Get All Access for $5/mo

Bad Data: The $3 Trillion-Per-Year Problem That's Actually Solvable How the right tech can help entrepreneurs make data more accessible and accurate, avoiding massive losses in the process.

By Joy Youell Edited by Matt Scanlon

Opinions expressed by Entrepreneur contributors are their own.

In 2016, IBM released a report estimating that bad data costs U.S. businesses and organizations trillion $3.1 per year. These funds were wasted in, among other things, knowledge staff (such as IT) time spent in digitizing or updating older sources, finding and fixing errors while organizing, and simply hunting for both information and for confirmed sources for data they are hesitant to trust. An additional point of critical concern is the degree to which the age of Big Data has not been equally leveraged by companies; even very successful and well-established businesses have an assorted quantity of data in different places and formats, but might be powerless to use it because it is unstructured or semi-structured. If all of the possibility of artificial intelligence (AI) is to be actualized, data has to be available for use in meaningful ways.

A few obvious frontrunners, such as Google or Amazon, set precedents for data management, but most businesses are not like these, and don't deal with nearly the same volume or speed when it comes to data. For every other company in the world, including those in startup or scale-up mode, a solution is needed.

Related: 3 Data Quality Issues That Could Impact Your Judgment

Straddling digital and paper-based worlds

Many businesses of varying types and sizes straddle the digital and paper-based worlds. Some of their most potentially helpful data is in documents — file types like PDFs, images and scanned documents — practically unavailable for informing high-level decisions or arriving at decisive conclusions. If positive outcomes are going to be possible, these types of information sources need to be organized, and AI and machine learning (ML) can provide the tools to do it.

AI for managing data

For many entrepreneurs in launch mode, there are three potential barriers in place. First is the idea that AI requires immense amounts of data to result in precision activities; second, that data is often in numerous formats — structured, semi-structured and unstructured; and third, that data management might not have been an inherent part of existing business operations, and therefore course correcting would require too much effort before better results can be achieved.

Related: This Is the Secret Sauce Behind Effective AI and ML Technology

First, the quantity challenge. If businesses have less data, how can they hope to gain the same level of insight or train algorithmic models as fast as larger competitors? The solution is the same as in any sphere of software development: Do it incrementally. With one-shot learning, a model can learn from literally any data point. This tech already exists and is on display anytime a user uses facial recognition to open their smartphone, for example. The system needs very little data and can quickly learn to adapt even if small feature changes occur. Many open-source models for data don't operate this way, but could.

Second is the challenge of data in many formats. Especially in well-established industries, the digital transformation remains incomplete. This means that any and every type of historical data exists in file cabinets, on hard drives and in hard-to-access places or hard-to-match formats. This is where the power of machine learning comes in.

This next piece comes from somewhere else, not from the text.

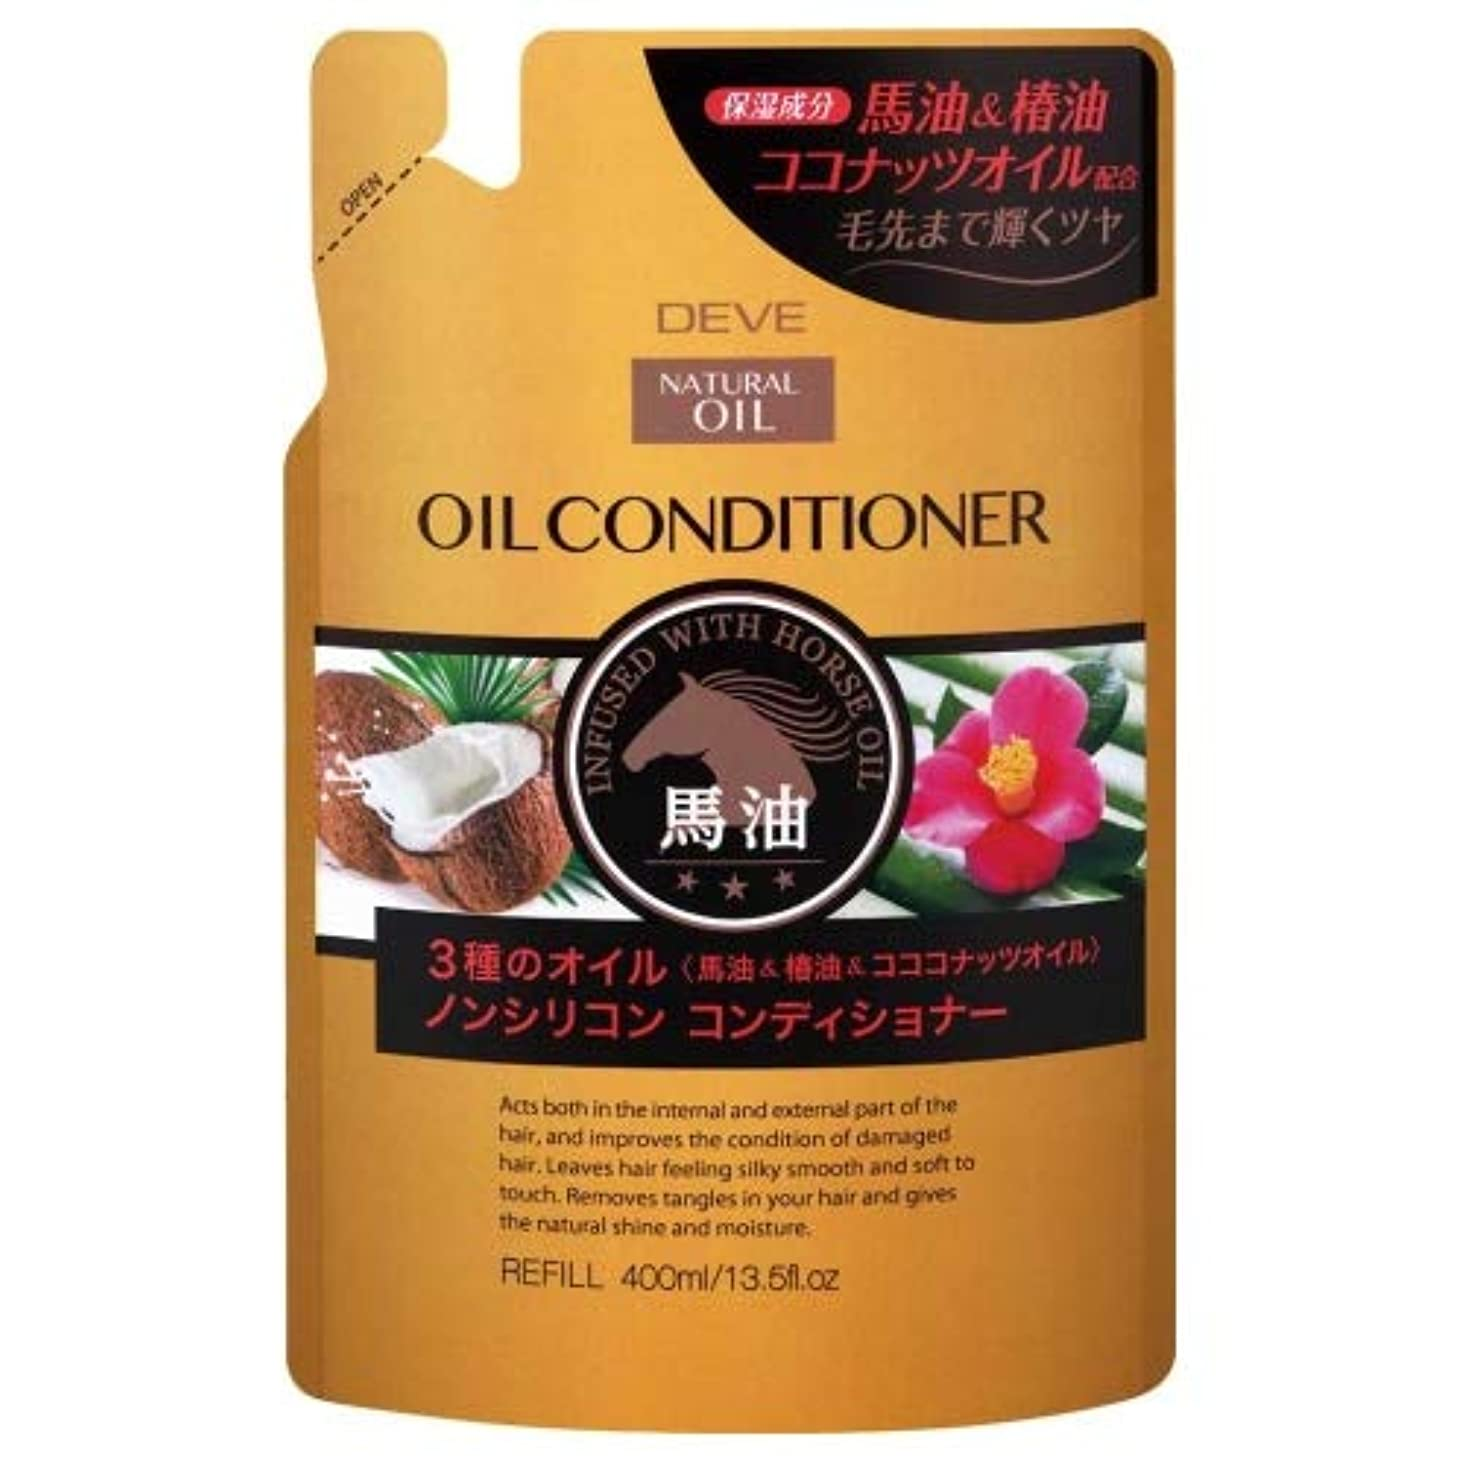 前提条件ストライプ民族主義熊野油脂 ディブ 3種のオイル コンディショナー(馬油?椿油?ココナッツオイル) 400ml

Data hygiene is a method of processing data to ensure it is relatively error free. There is a cycle to this, from import, to normalization, to verification to export. Depending on the nature of the data (for instance whether it is encrypted or anonymized), the method of cleaning data may vary. Machine learning can create an error-free system where objective data components are measured against one another, issues quickly identified, irrelevant parts removed and the resulting data made reliable. This can be automated and, once set up, significant amounts of information can be processed right away. Then every new data point can be processed for maximum efficiency and effectiveness.

Third is making data management part of regular business operations. The key challenge to this isn't necessarily in deploying the manpower to manage it, but in the setup. Most data-management systems use proprietary algorithms and require skilled coders or technologists to implement and maintain them. This dilemma is similarly represented in other contexts, and one in which the no-code movement is making a difference.

Innovators in this space realize that the people who know the data, and understand it intuitively, are not data scientists. Rather, they are the business owners and operators who have worked the issue and found it critical that they operate the data-management platforms. They will do the labeling and searching and actual using, so need to have self-service options — otherwise, the chaos of unorganized or inaccessible data will only be replaced by the stress of a long-term vendor contract to keep a model up and running, one that could be unsustainable.

What about data privacy?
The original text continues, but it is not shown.